3.2 Dr. Alejandro Villar Briones, OIST. Rice CRF1 complexes have been sequenced by Dr. Alejandro Villar Briones using mass spectrometry.
4 Publications and other output
4.1 Invited Talk
Komiya, R. “small RNA biogenesis including reproductive lincRNAs in rice.” NAIST internal seminar, Nara Japan, January 2015.
4.2 Conference Presentations
1. Komiya, R., Ohyanagi, H., and Nonomura, K. I., “Rice Germline-specific Argonaute MEL1 protein binds to phasiRNAs generated from more than 700 lincRNAs.” The 38th Naito Conference Molecule-based biological systems. Sapporo Japan, October 2014.

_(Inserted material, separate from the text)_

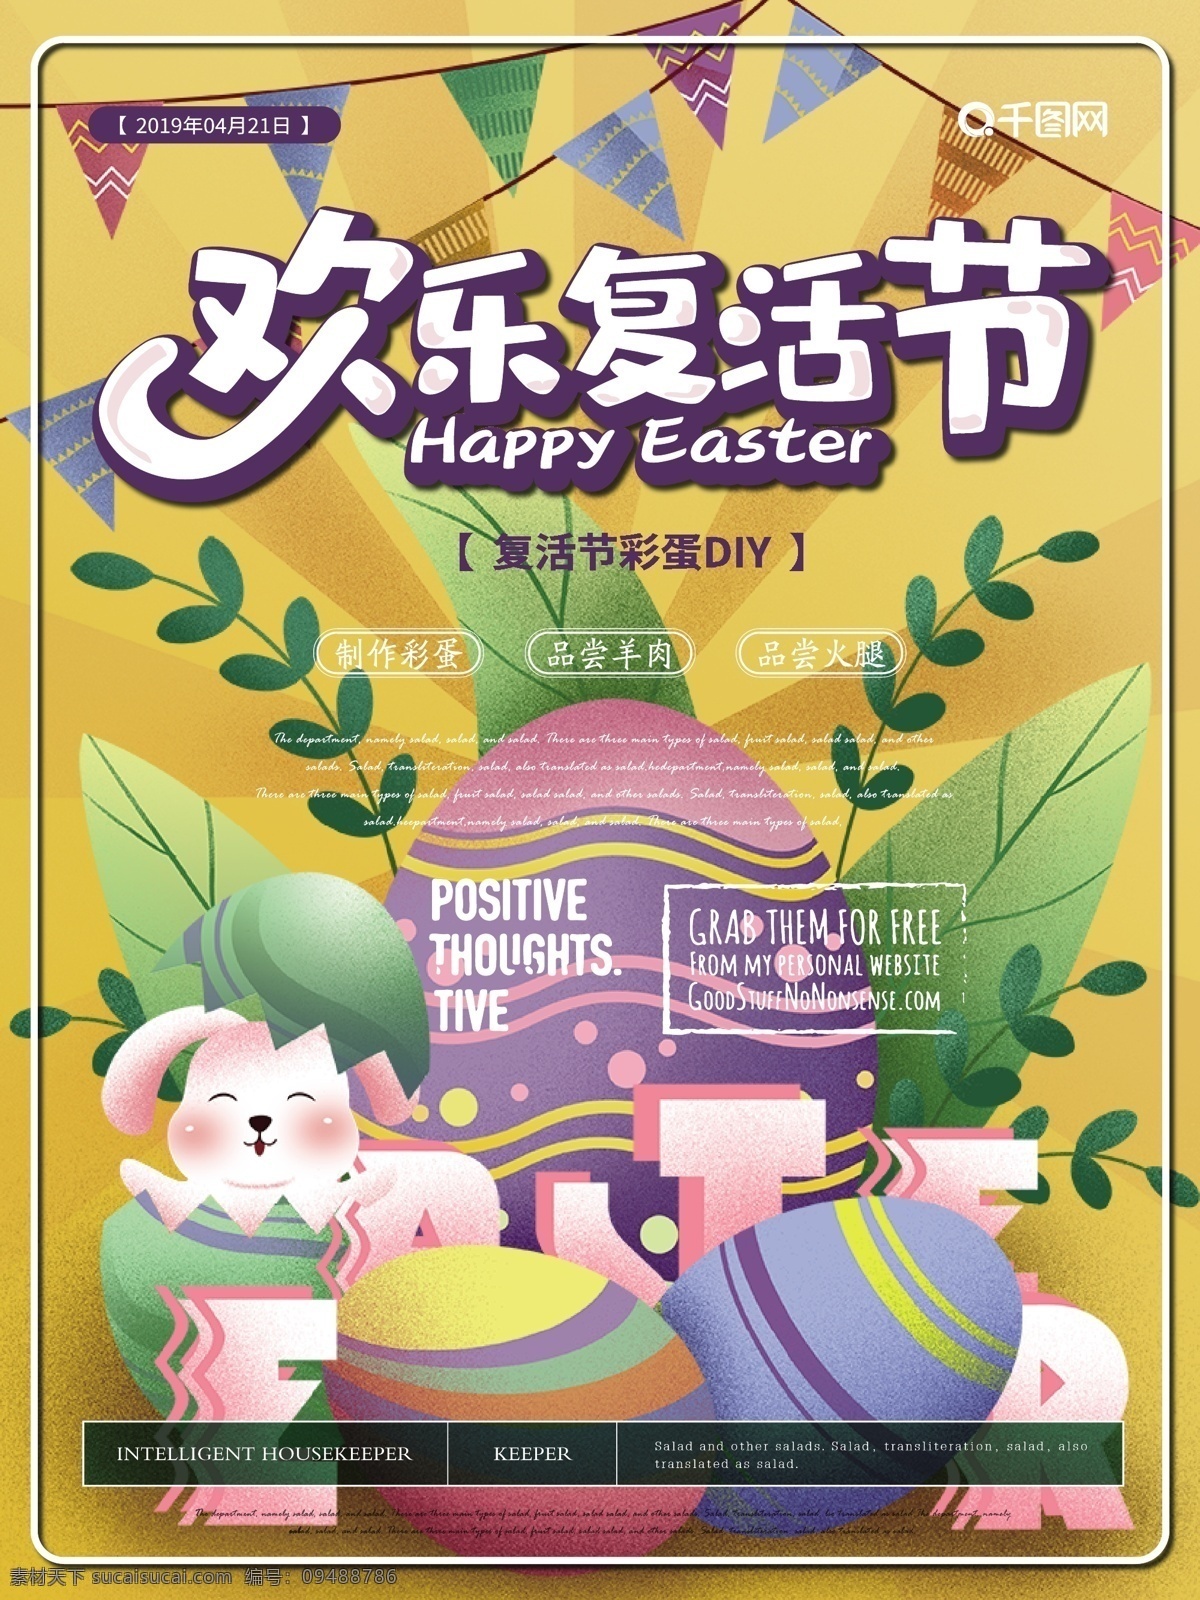 简约 卡通 欢乐 复活节 海报 简约风 可爱 欢乐复活节 主题 节日 彩蛋 兔子 欢乐氛围

2. Komiya, R. “small RNA biogenesis including reproductive lincRNAs in rice.” The 4th Plant RNA Symposium, Kyoto Japan, January 2015.
4.3 Publications
1. Komiya, R*., Ohyanagi, H., Niihama, M., Watanabe, T., Nakano, M., Kurata, N. and Nonomura, K. I*. MEL1, a germ specific Argonaute, binds to phasiRNAs derived from lincRNAs. The Plant Journal. 78, 385-397 (2014). (* Co-corresponding authors)
2. Komiya, R and Nonomura, K.I. Isolation and bioinformatic analyses of small RNAs interacting with germ-cell specific Argonaute in rice. Methods in Molecular Biology. 1093, 235-245 (2014).